Il settore agroalimentare italiano vive una stagione di straordinaria vitalità. Con una crescita del 2,2% che supera di quattro volte quella del PIL nazionale, questo comparto non rappresenta solo un fenomeno economico ma una rinascita culturale che affonda le radici nella più profonda eredità gastronomica del Belpaese.
I numeri parlano di una realtà imponente: oltre 1,1 milioni di aziende agricole, un milione di lavoratori, 90.000 operatori biologici distribuiti su 84.000 imprese.
Ma, dietro questi dati, si cela una storia più intima: quella di comunità rurali che hanno saputo preservare saperi antichi mentre abbracciavano le sfide della modernità.
L'export agroalimentare italiano, che ha sfiorato i 70 miliardi di euro con un balzo del 7,5% sul 2023, non è semplicemente un successo commerciale: è la testimonianza di come i territori italiani abbiano saputo raccontare la propria unicità al mondo. Ogni prodotto esportato porta con sé un frammento di paesaggio, una memoria familiare, un gesto artigianale che attraversa i secoli.
Edizioni: Guerini e Associati
Anno: 2024
Prezzo di copertina: € 24,00
Pagine: 248
L'Europa, con i suoi 19,5 miliardi di euro di importazioni italiane, si conferma il principale palcoscenico di questo racconto gastronomico, dove Germania e Francia diventano i primi interpreti di una sinfonia di sapori che parla di colline toscane, di pianure padane, di coste meridionali baciate dal sole.
Nel solco di questa evoluzione, si inserisce il libro "FOOD IN ITALY - Il settore industriale ed enogastronomico", curato dalla Professoressa Simonetta Pattuglia dell'Università di Roma Tor Vergata. Quest'opera non è solo un'analisi accademica ma un viaggio attraverso le trasformazioni di un settore che ha saputo coniugare sostenibilità e competitività, nuove tecnologie e rispetto per le radici culturali.

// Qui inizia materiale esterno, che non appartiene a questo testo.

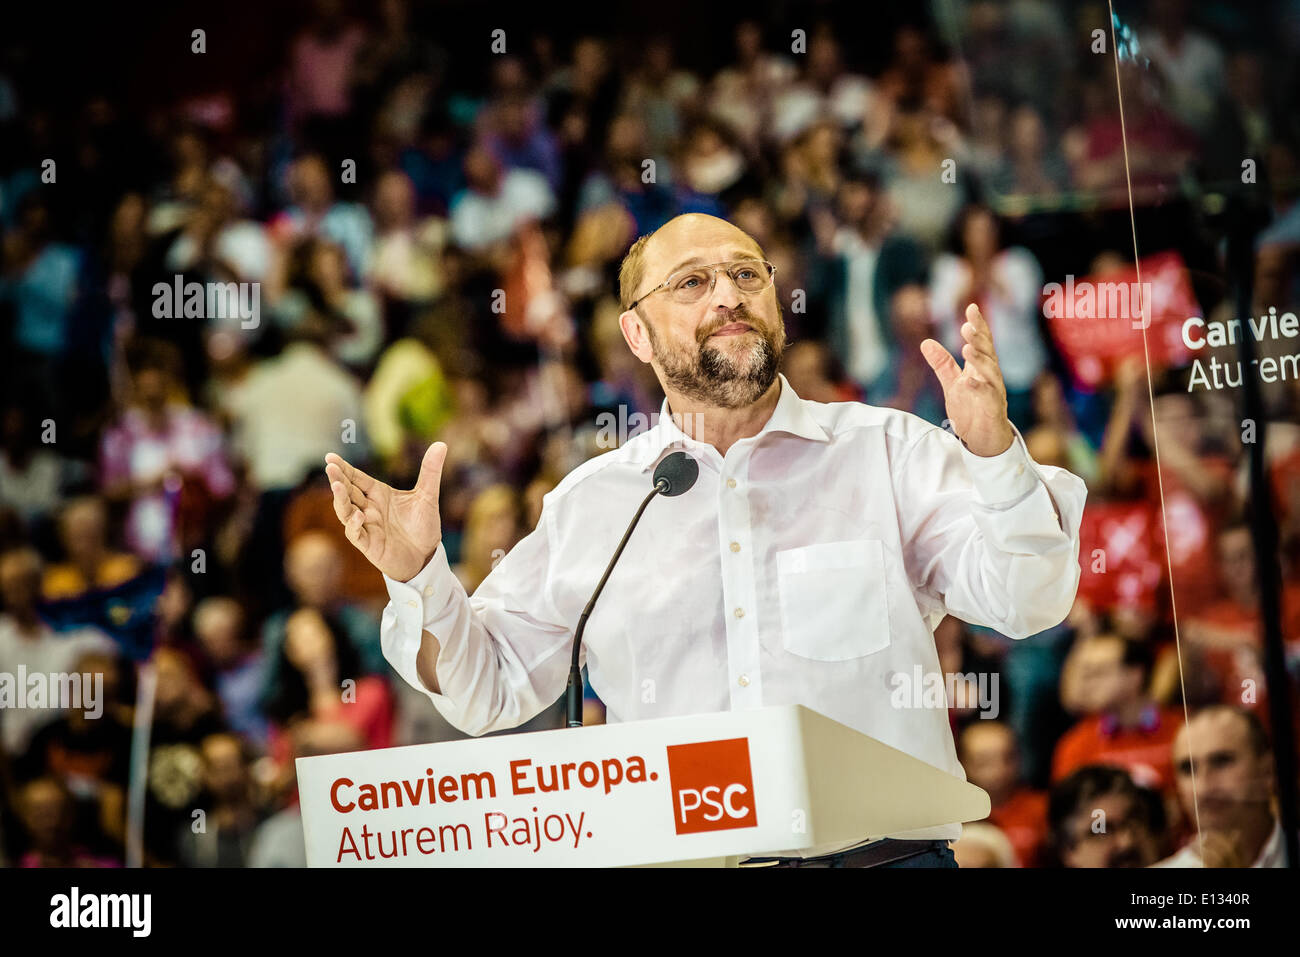 Barcellona, Spagna. 21 maggio 2014: Martin Schulz, Presidente del Parlamento europeo e in esecuzione per la presidenza della Commissione Europea parla presso la centrale di elezione riunione della PSC in Barcellona Credito: matthi/Alamy Live News Foto Stock

Il volume esplora le dinamiche contemporanee del settore, dalla rivoluzione digitale all'internazionalizzazione, senza mai perdere di vista l'anima profonda di un'industria che affonda le radici nella cultura contadina e artigianale italiana. Particolare attenzione merita il fenomeno del turismo enogastronomico, che nel libro trova uno spazio privilegiato. Non si tratta di semplice degustazione ma di un'esperienza immersiva che permette di esplorare le pratiche agricole millenarie, le tecniche di produzione artigianale e la storia delle comunità locali. Ogni territorio italiano diventa così un capitolo di un racconto più ampio, dove la diversità gastronomica riflette la ricchezza culturale di un Paese dalle mille sfaccettature. Come sottolinea la Professoressa Pattuglia, questo turismo permette di "immergersi nelle peculiarità culturali di un territorio, elemento fondamentale che determina l'identità dei diversi prodotti italiani". Un viaggio che non si limita alla degustazione, ma diventa "un viaggio attraverso le pratiche agricole, le tecniche di produzione artigianale e la storia delle comunità locali".

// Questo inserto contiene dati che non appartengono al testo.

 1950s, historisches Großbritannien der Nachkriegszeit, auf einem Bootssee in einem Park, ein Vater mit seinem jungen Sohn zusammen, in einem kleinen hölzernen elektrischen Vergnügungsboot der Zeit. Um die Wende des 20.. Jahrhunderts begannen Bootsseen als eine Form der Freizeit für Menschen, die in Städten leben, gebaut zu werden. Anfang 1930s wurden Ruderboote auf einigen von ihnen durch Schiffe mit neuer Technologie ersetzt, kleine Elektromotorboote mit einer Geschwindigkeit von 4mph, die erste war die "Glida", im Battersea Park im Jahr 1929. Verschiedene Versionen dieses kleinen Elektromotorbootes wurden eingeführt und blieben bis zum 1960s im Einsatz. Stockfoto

Il libro, arricchito dai contributi di numerosi esperti e professionisti del settore, si presenta come una mappa per navigare le sfide future: dalla sostenibilità ambientale alla digitalizzazione, dalla valorizzazione dei prodotti biologici alla lotta contro la povertà alimentare.
In questa narrazione, emerge con forza l'immagine di un'Italia che ha saputo trasformare le proprie caratteristiche uniche in vantaggi competitivi, costruendo quella che la Professoressa Pattuglia definisce una "solida dorsale italiana" nel settore agroalimentare. È un patrimonio che va oltre i confini economici, toccando le corde più profonde dell'identità nazionale e della memoria collettiva. Il futuro del settore agroalimentare italiano si delinea così come un equilibrio delicato tra le nuove tecnologie e la custodia delle radici storiche, tra mercati globali e specificità territoriali, tra efficienza economica e sostenibilità ambientale. Un racconto che continua a scriversi ogni giorno, nelle campagne come nelle aziende, nei mercati internazionali come sulle tavole familiari, dove ogni sapore custodisce un frammento di storia italiana.